Where do Brazilians live in Portugal?

Most Brazilians live in and around Lisbon, as well as in the North, especially in the Porto district. But there are communities all over the country. We’ll show you where.

Brazilian citizens are the largest expat community in Portugal. According to the most recent figures provided by the Foreigners and Borders Service (SEF), there were 105,423 Brazilians living in Portugal in 2018.

But where are the largest communities? If you are thinking of moving to Portugal and you’d like to live near other Brazilian expats, then read on to learn about which cities they can be found in.

Brazilians in the north of Portugal

Overall, there are 21,764 Brazilians living in northern Portugal, but the reality differs from city to city.

The district in northern Portugal with most Brazilians is Porto, at 12,994. Within the district, the council with the largest community is also Porto, at 4,481.

Braga is also a popular destination for Brazilians, with over 6,168 living in the district. In fact, the population of Brazilian expats grew to this amount from only 2,596 in 10 years, which represents an increase of 137.6%.

Viana do Castelo, Vila Real and Bragança, on the other hand, are the northern districts with fewer Brazilians.

Brazilians in central Portugal

There are 13,795 Brazilian citizens in central Portugal. The district with most members of the community is Aveiro (3,968), followed by Leiria (3,694) and Coimbra (3,397). When it comes down to concentration in actual councils, however, Coimbra has the most (2,151). This means that there are more Brazilians living in the whole district of Aveiro, but they are more concentrated in the city of Coimbra.

Besides these, there are also 1,467 Brazilians in Viseu, whereas there are less than 1,000 in Guarda and Castelo Branco.

Brazilians in and around Lisbon


The area in and around Lisbon is, without a doubt, the region where there are most Brazilians in Portugal. All in all, 53,794 live in an area that spans the districts of Lisbon and Setúbal.

It should come as no surprise that the Lisbon district is where more are to be found (43,066), since this district includes 16 councils, such as Amadora (3,020), Cascais (6,909), Odivelas (3,033), Oeiras (3,047), Sintra (6,240) and Lisbon itself (12,240).

As for Setúbal, the largest concentration is in Almada, just across the 25 de Abril bridge, so still quite close to the capital, where there are more jobs. You’ll find over 3,000 Brazilians in Almada.

Brazilians in the Alentejo

Alentejo is the region of mainland Portugal with the lowest concentration of Brazilians, at only 4,953. Here the districts that attract most Brazilian citizens are Santarém (2,555) and Évora (1,113).

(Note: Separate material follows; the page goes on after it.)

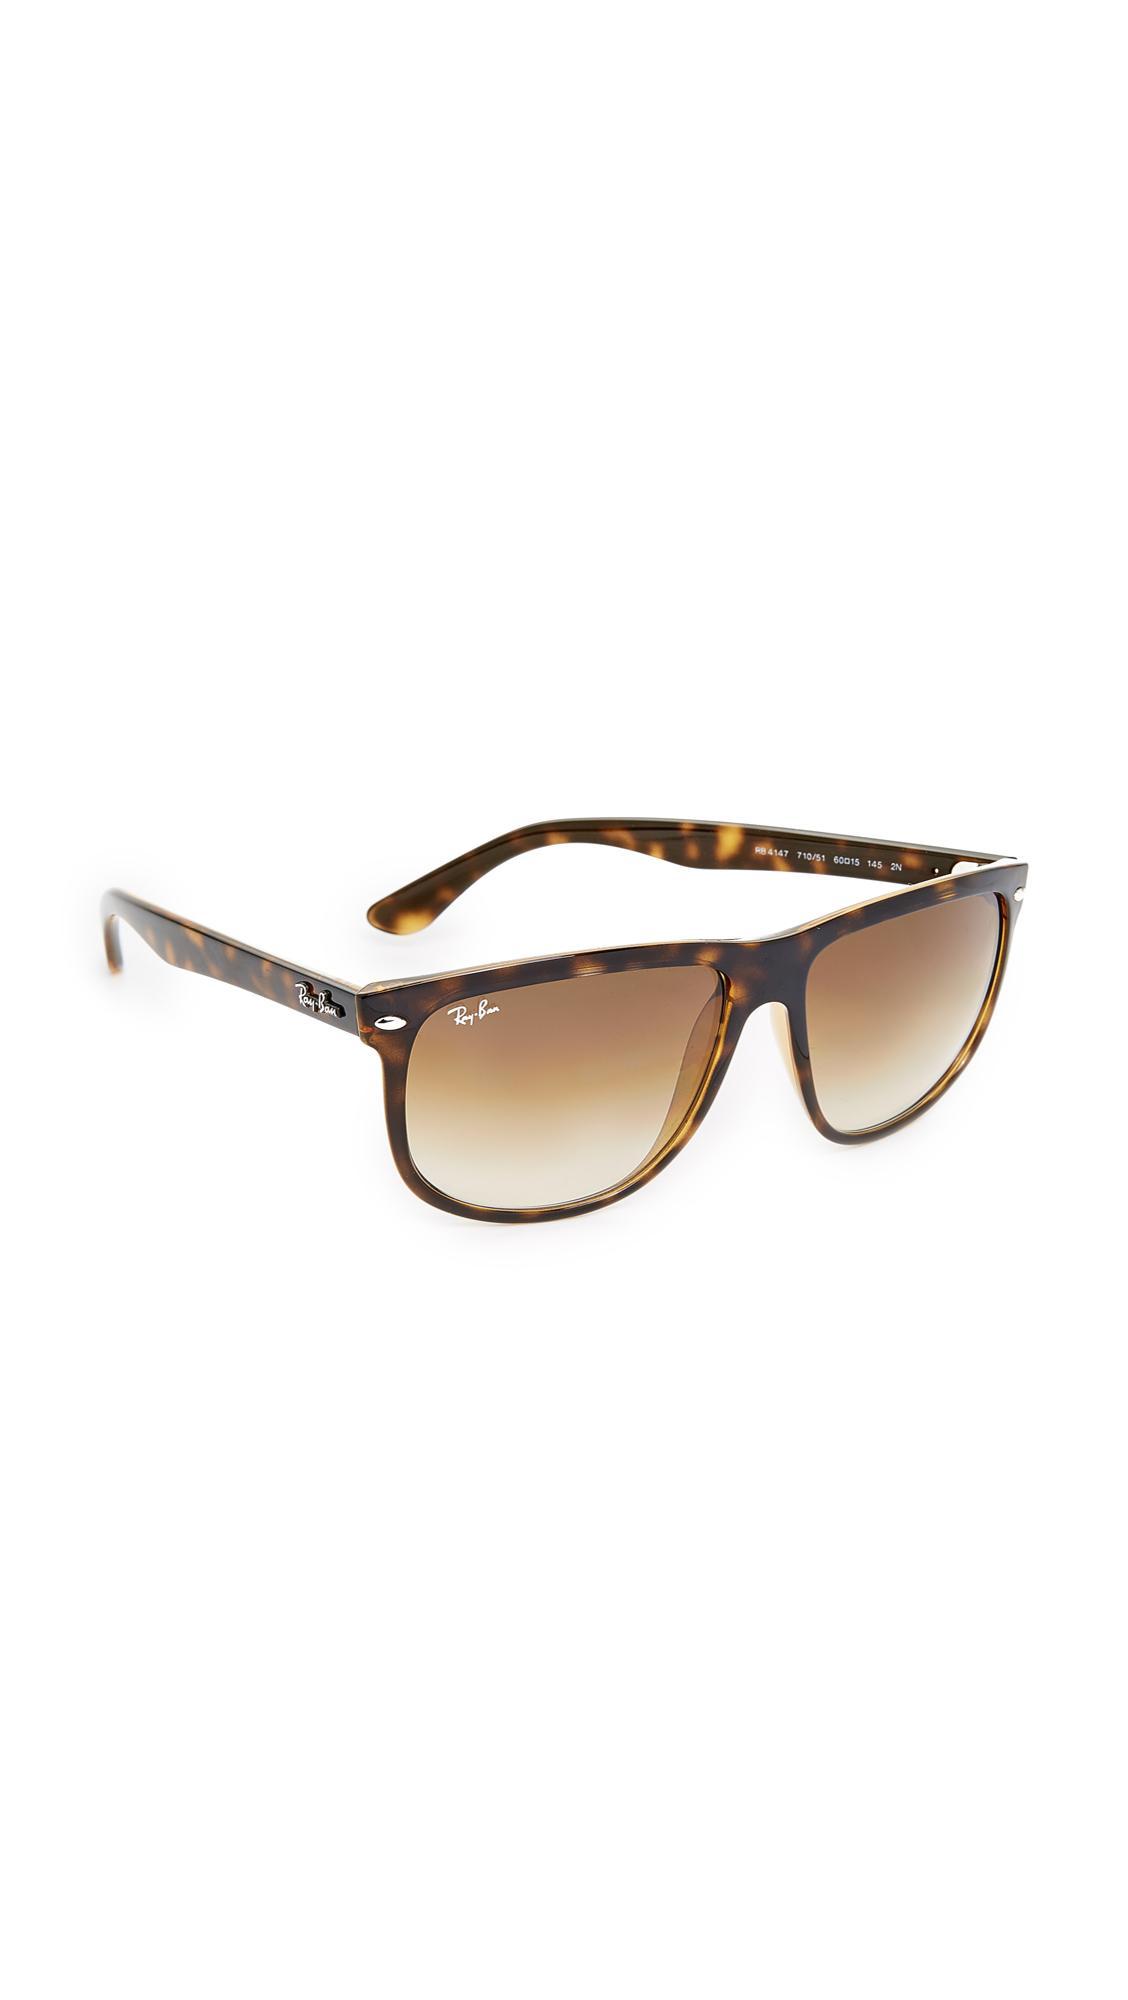 1f551c8fcc6 Ray Ban Light Havana Sunglasses Flat Boyfriend Jeans « Heritage Malta

Beja and Portalegre have under 1,000.

Brazilians in the Algarve

The Algarve consists of the single district of Faro. There are 9,650 Brazilians in this region. When you break it down into councils, then the largest concentration is in Albufeira, (1,989), followed by Loulé (1,892), Portimão (1,563) and Faro (1,367).

Brazilians in the Islands


Portugal has two archipelagos: Azores and Madeira. There are 643 Brazilians in the Azores, over nine islands. Most (299) live in São Miguel, especially in Ponta Delgada (203).

There are 824 Brazilians in Madeira, divided among the islands of Madeira and Porto Santo. Naturally, Madeira, the capital of this autonomous region, is where you will find the largest community, at 793, with 499 living in the city of Funchal.

What entities can help Brazilians in Portugal?

The main entity that can help out Brazilian citizens in need is the Consulate. Here they can find information, guidance and help. The Brazilian Consulate has offices in three cities in Portugal: Lisbon, Porto and Faro

What visas do Brazilians need in order to live in Portugal?

Brazilian citizens who want to come and live in Portugal must obtain a visa. The type of visa depends on their reason for entering the country. If they are coming to work for more than one year, then there are the following options:

Reason Type of Visa
Subordinate work Residence visa for subordinate professional work.
Self-employed work Residence visa for independent work or for immigrant entrepreneurs, including a “Startup Visa”.
Highly qualified work Residence visa for teaching, highly qualified labour, culture and highly qualified subordinate work.
University level teaching
Highly qualified subordinate work
Performing artist
Sports activities Residence visa for subordinate professional work.